CIREBON, KOMPAS.com - Sebanyak 65 persen dari total pengeluaran belanja rumah tangga pada 82 kartu keluarga di Desa Matangaji, Kecamatan Sumber, Kabupaten Cirebon, Jawa Barat, digunakan untuk membeli kebutuhan pangan.
Pengeluaran belanja rumah tangga kedua terbesar dialokasikan untuk kebutuhan pendidikan sebesar 16 persen, diikuti kebutuhan energi (listrik, kuota, dan lainnya) sebesar 6 persen.
Farida Mahri, Pendiri Yayasan Wangsakerta Cirebon, mengungkapkan bahwa kondisi ini menunjukkan bahwa sebagian besar masyarakat menengah ke bawah menghabiskan uangnya untuk kebutuhan pangan.
Namun, ia mencatat bahwa kesadaran untuk menyediakan pangan secara mandiri di rumah dan lingkungan masing-masing masih sangat lemah.
Baca juga: Gubernur Papua Pegunungan Gunakan Helikopter untuk Pantau Banjir, Ada Potensi Krisis Pangan
"Lebih dari 60 persen masyarakat menghabiskan pendapatannya untuk belanja pangan," kata Farida kepada Kompas.com usai diskusi 'Peran Perempuan dan Kaum Muda dalam Pertanian Keluarga Menuju Sistem Pangan Berkelanjutan' di Saung Wangsakerta Cirebon, Minggu (7/9/2025) siang.
Farida menjelaskan bahwa penelitian ini dilakukan Yayasan Wangsakerta bersama pemerintah Desa Matangaji sejak tahun 2024 hingga saat ini.
Mereka memetakan geospasial, pertanian, pangan, sosial, ekonomi, dan lainnya.
Hasil penelitian menunjukkan bahwa meskipun Desa Matangaji memiliki banyak wilayah persawahan, mayoritas penduduknya justru membeli kebutuhan pangan daripada memanfaatkan hasil pertanian sendiri.
"Mayoritas mereka menjual hasil pertanian dan menggunakan uangnya untuk membeli kebutuhan pangan lagi."
"Mereka tidak menjadikan hasil panen sebagai sumber lumbung bersama yang dapat membentuk sistem ketahanan dan kedaulatan pangan mandiri," ujar Farida.
Baca juga: Tak Ingin Bali Krisis Pangan, Koster Minta Dinas Pertanian Belajar ke Israel
Hal serupa juga ditemukan di Desa Citemu, Kecamatan Mundu, Kabupaten Cirebon, yang merupakan basis nelayan.
Dalam penelitian yang sama, 74 kartu keluarga di desa ini, dengan 36 orang berprofesi sebagai nelayan, mengeluarkan biaya pangan sebesar 56 persen, diikuti dengan pendidikan sebesar 21 persen, dan kebutuhan peralatan nelayan sebesar 13 persen.

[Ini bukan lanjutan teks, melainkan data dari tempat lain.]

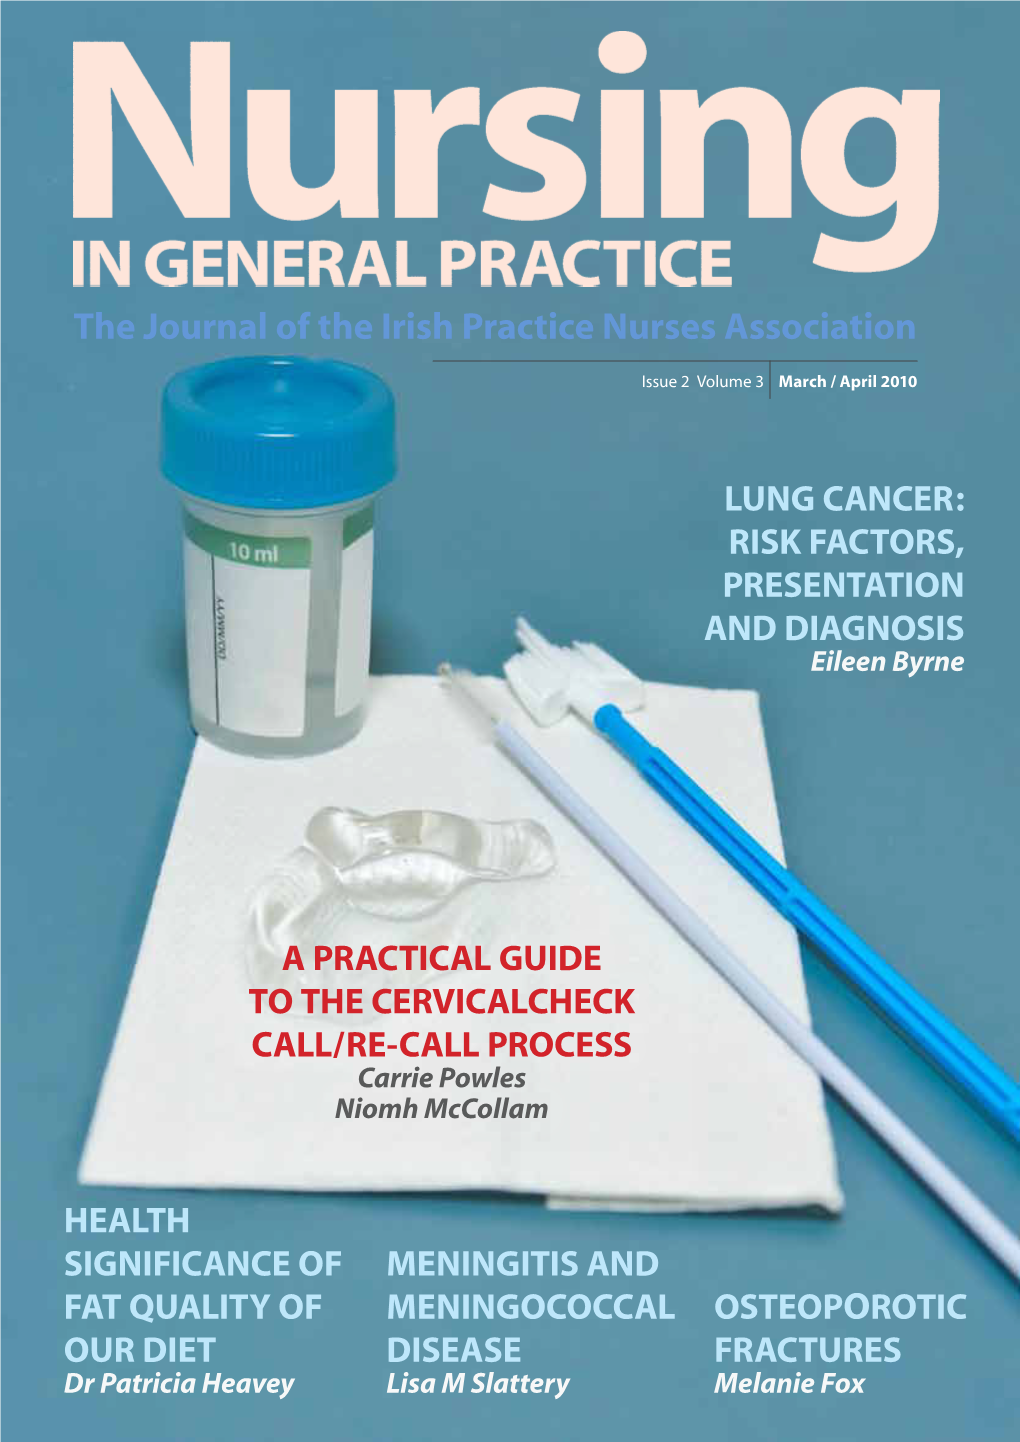 The Journal of the Irish Practice Nurses Association

"Jadi meski mereka memiliki sumber pangan yang tinggi, lebih banyak hasil tangkapan dijual untuk mensubsidi kebutuhan pribadi lainnya. Berbeda dengan masa lalu, di mana kami memiliki lumbung pangan bersama di kampung," tambah Farida.
Dalam agenda "Gerakan Pertanian Keluarga", Farida berharap Pemerintah Indonesia, dari level pusat hingga desa, harus memperhatikan cadangan pangan masyarakat dengan melibatkan kaum perempuan dan pemuda.
Menurutnya, kedua aktor ini sangat penting dalam mencukupi kebutuhan pangan mandiri.